We have learned a lot of things about water potential in plants since those days, both complicated and not — from imploding cells, to stomatal valves, to movement in the soil, and all that.[4] But, back in 1990, Williams and Matthews together wrote a book chapter that pointed out, “By taking into account diurnal variation in radiation, temperature, and leaf-to-air vapor difference, 75 to 96% of the variation in leaf water potential could be explained in a linear model.”[5] As a data analytics company, we at Arable could only interpret this one way: Challenge accepted.
So last year, we took piles of pressure bomb readings (Mark Greenspan, an alumnus of Matthews’s lab, contributed a great deal as well). We plotted these against measurements by the Arable Mark and found that, sure enough, it’s true!
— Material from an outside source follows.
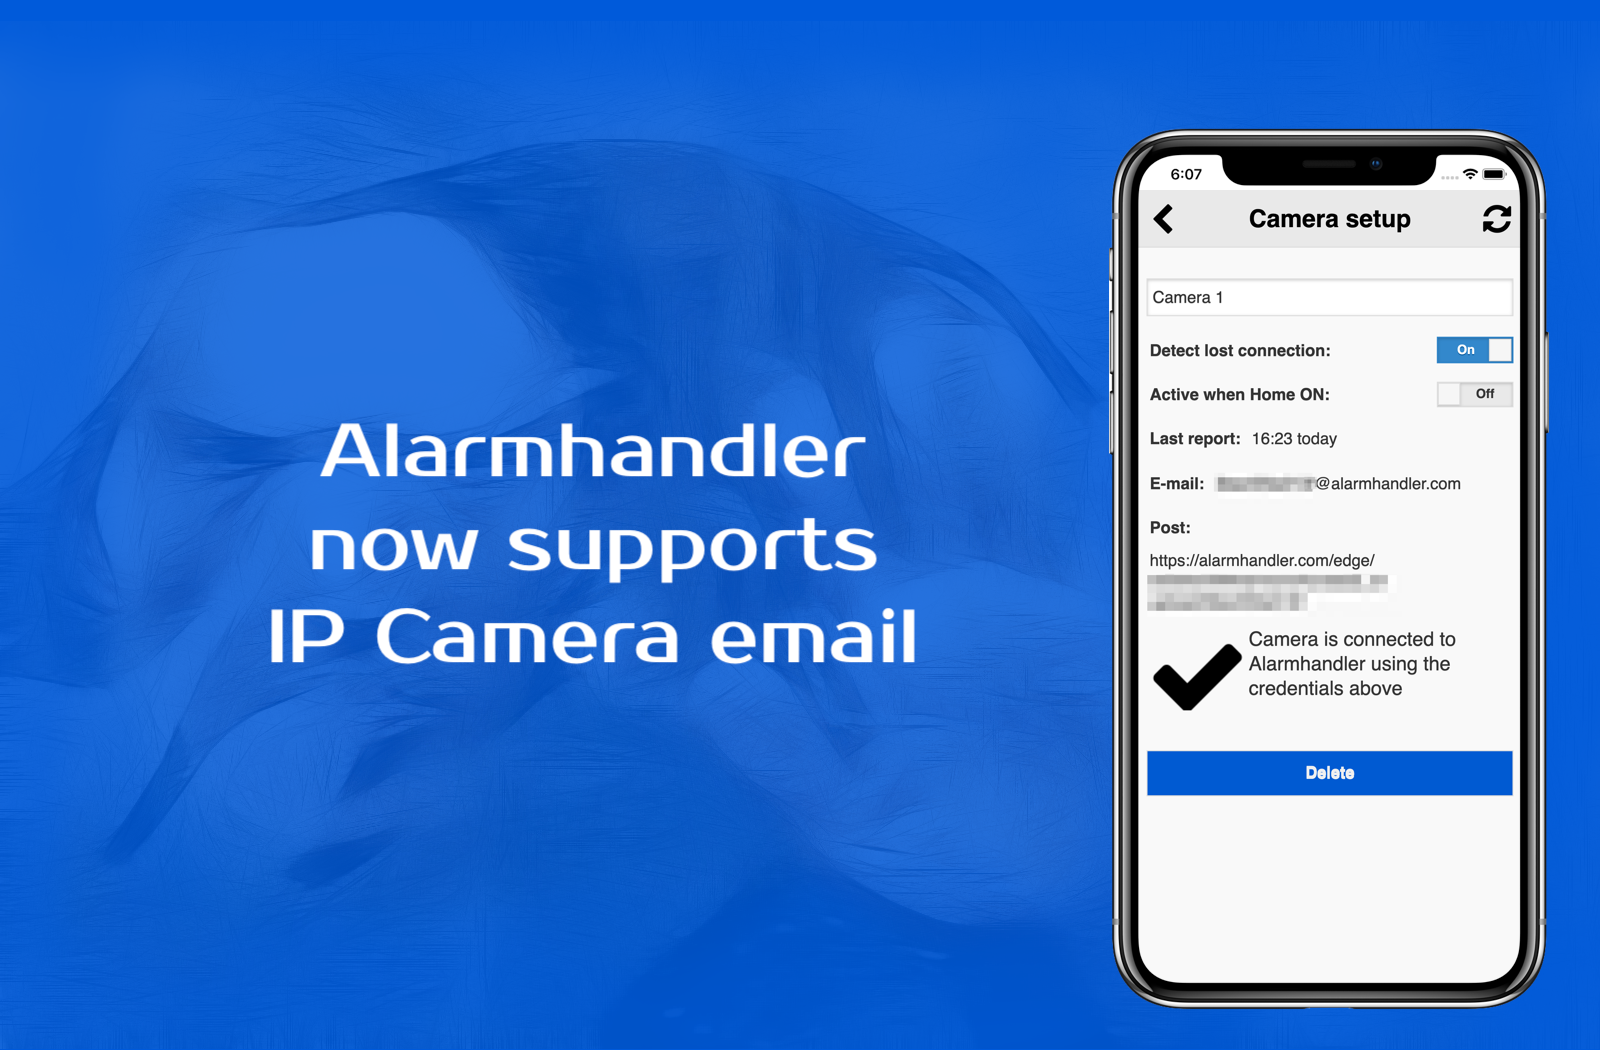 Alarmhandler now support IP camera email

There’s a few ways into it, but the short story is that with good knowledge of net radiation (Rn) and the leaf-to-air temperature difference, leaf water potential can be back-calculated. With a couple automatic measurements taken as the sun rises and the leaves warm up, one can determine what the pre-dawn water potential is, which can be used as a proxy for the soil water potential.
Arable certainly didn’t invent taking leaf temperatures. But we’re proud to be the first to bring all these measurements together into one simple device, standing sentinel through gloom of night to monitor vine stress on every block, seven days a week, in all weather. I know many of us have fond memories of being up at 4am taking pressure bomb readings, but this is one of those areas of life where up to 95% accuracy is worth a good night’s sleep.
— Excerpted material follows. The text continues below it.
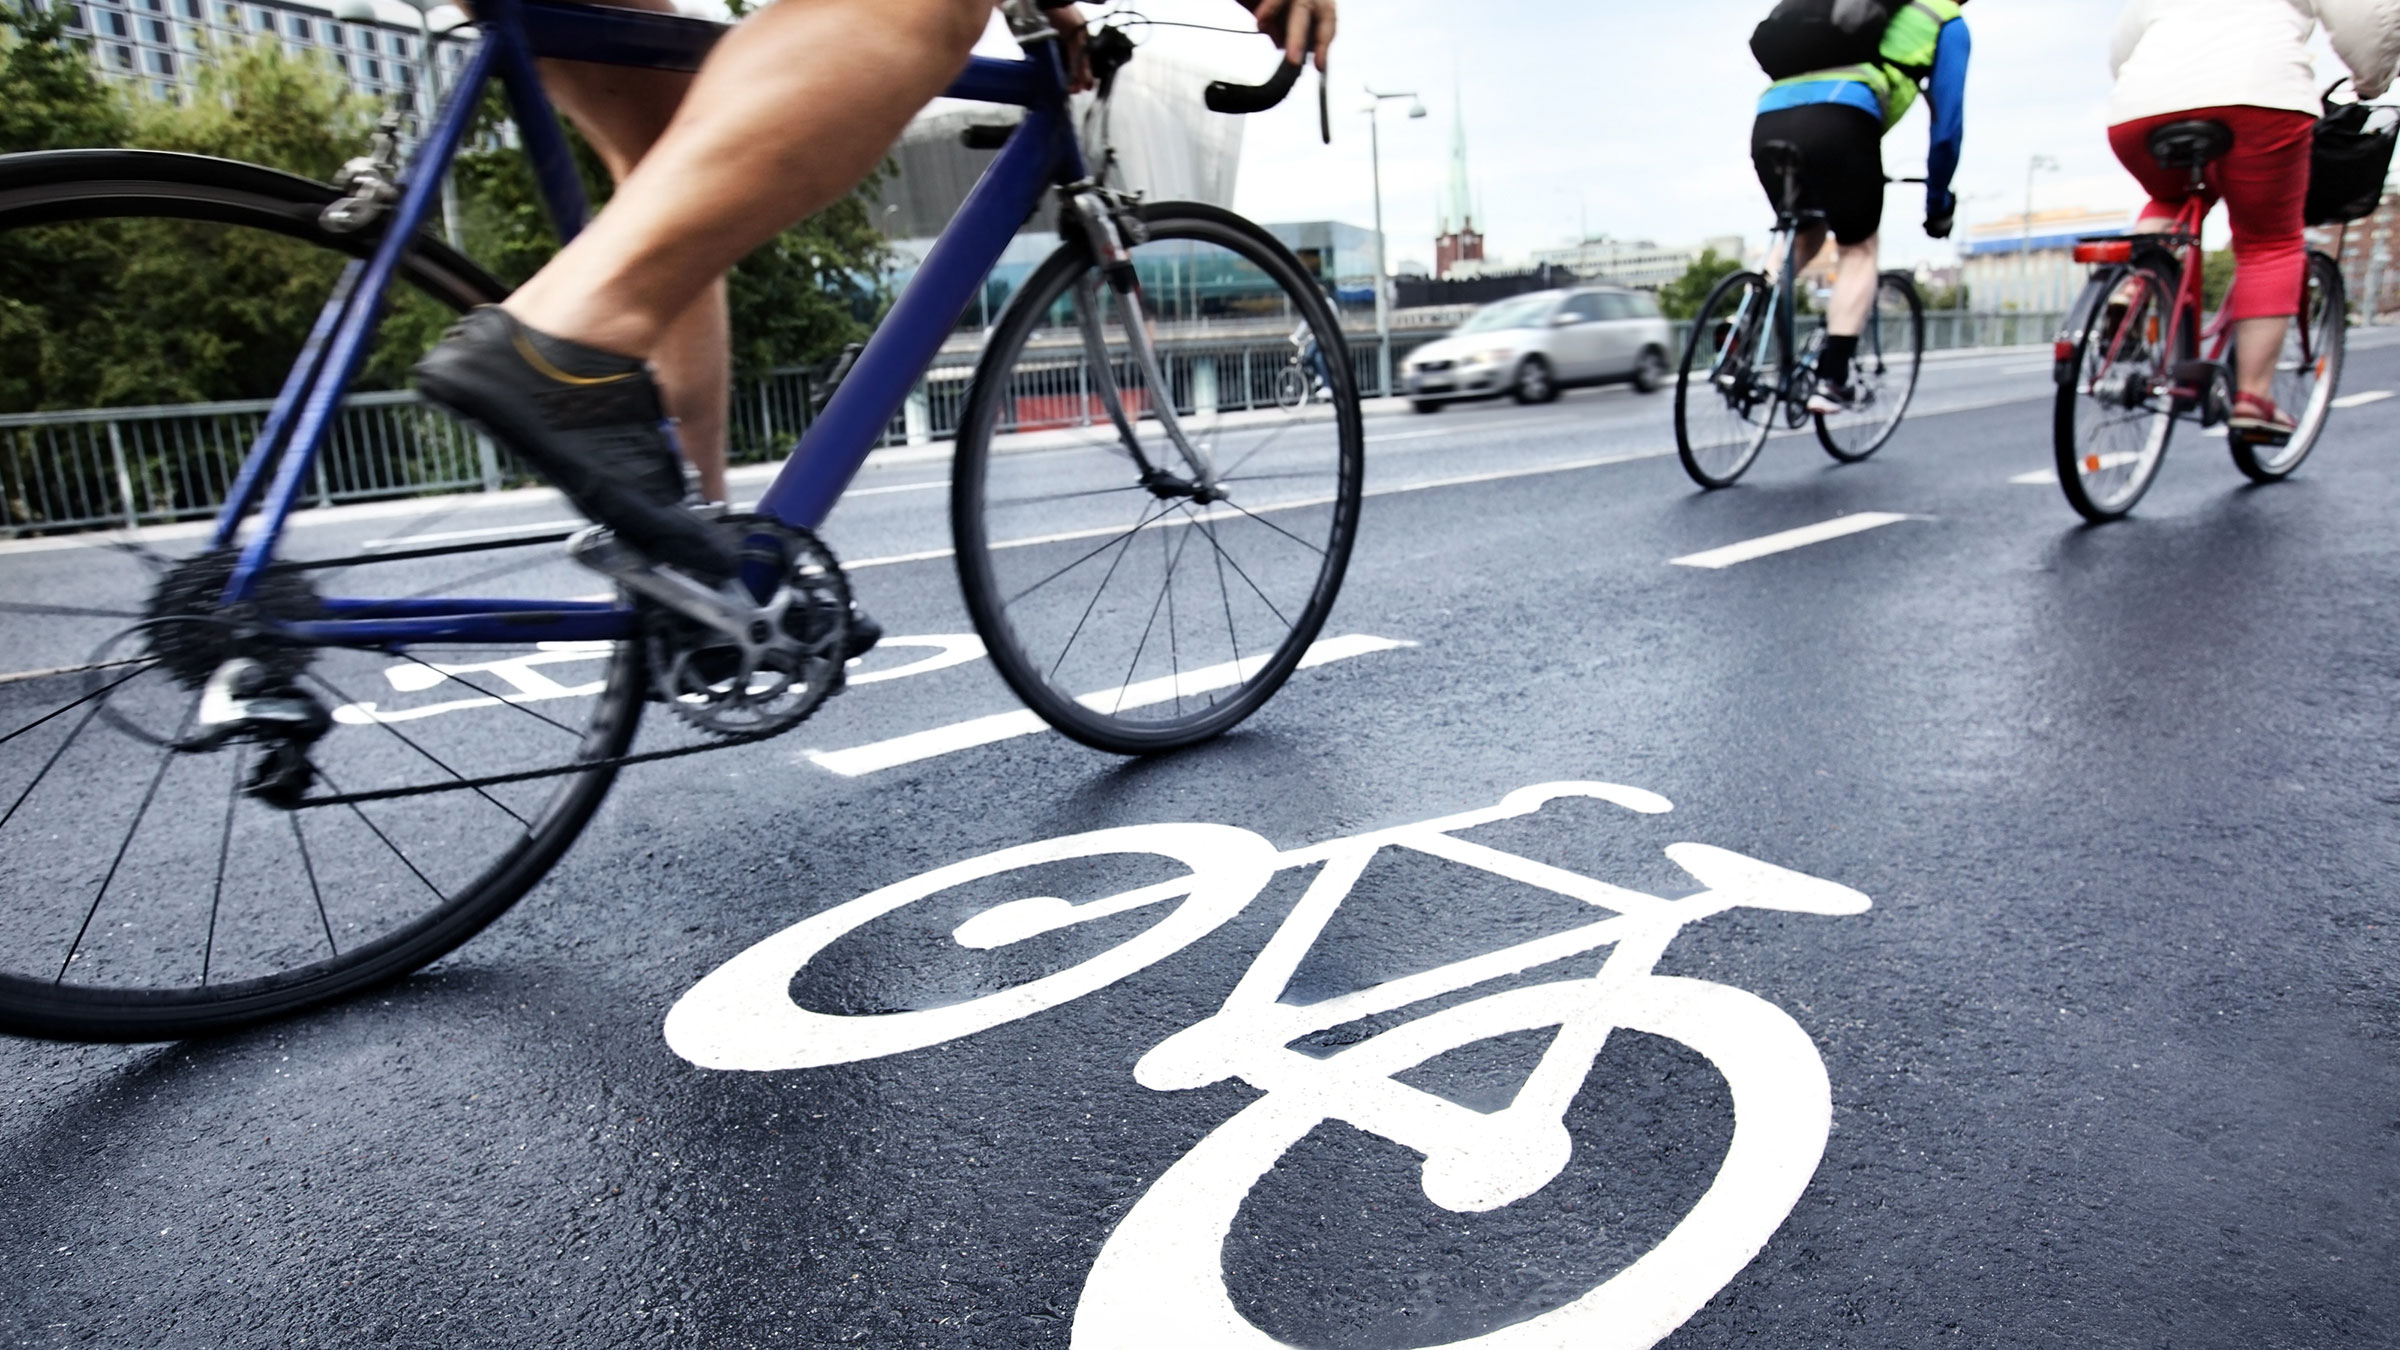 The 3 new regulations of the DGT that cyclists must comply with if they want to avoid fines

Adam Wolf is the CEO of Arable Labs, Inc.
References:
-
Matthews M.A., Anderson M.M. (1988) Fruit ripening in Vitis vinifera L.: responses to seasonal water deficits. Amer J Enol Vitic, 39, pp. 313–320.
-
Matthews M.A., Ishii R., Anderson M.M., and O’Mahony M. (1990) Dependence of Wine Sensory Attributes on Vine Water Status. J Sci Food Agric, 51, pp. 321–335.
-
Grimes, D.W. and Williams, L.E. (1990) Irrigation effects on plant water relations and productivity of Thompson Seedless grapevines. Crop Science, 30(2), pp. 255–260.
-
Wolf A., Anderegg W.R.L., Pacala S.W. (2017) Optimal stomatal behavior with competition for water and risk of hydraulic impairment. PNAS 2016 November, 113 (46) pp. E7222-E7230.
-
Williams, L.E. and Matthews, M.A. Grapevine (1990) Irrigation of Agricultural Crops. B.A. Stewart and D.R. Nielsen (Eds.), Agronomy Monograph №30. ASA-CSSA-SSSA, Madison, WI. pp. 1019–1055 (p. 1029).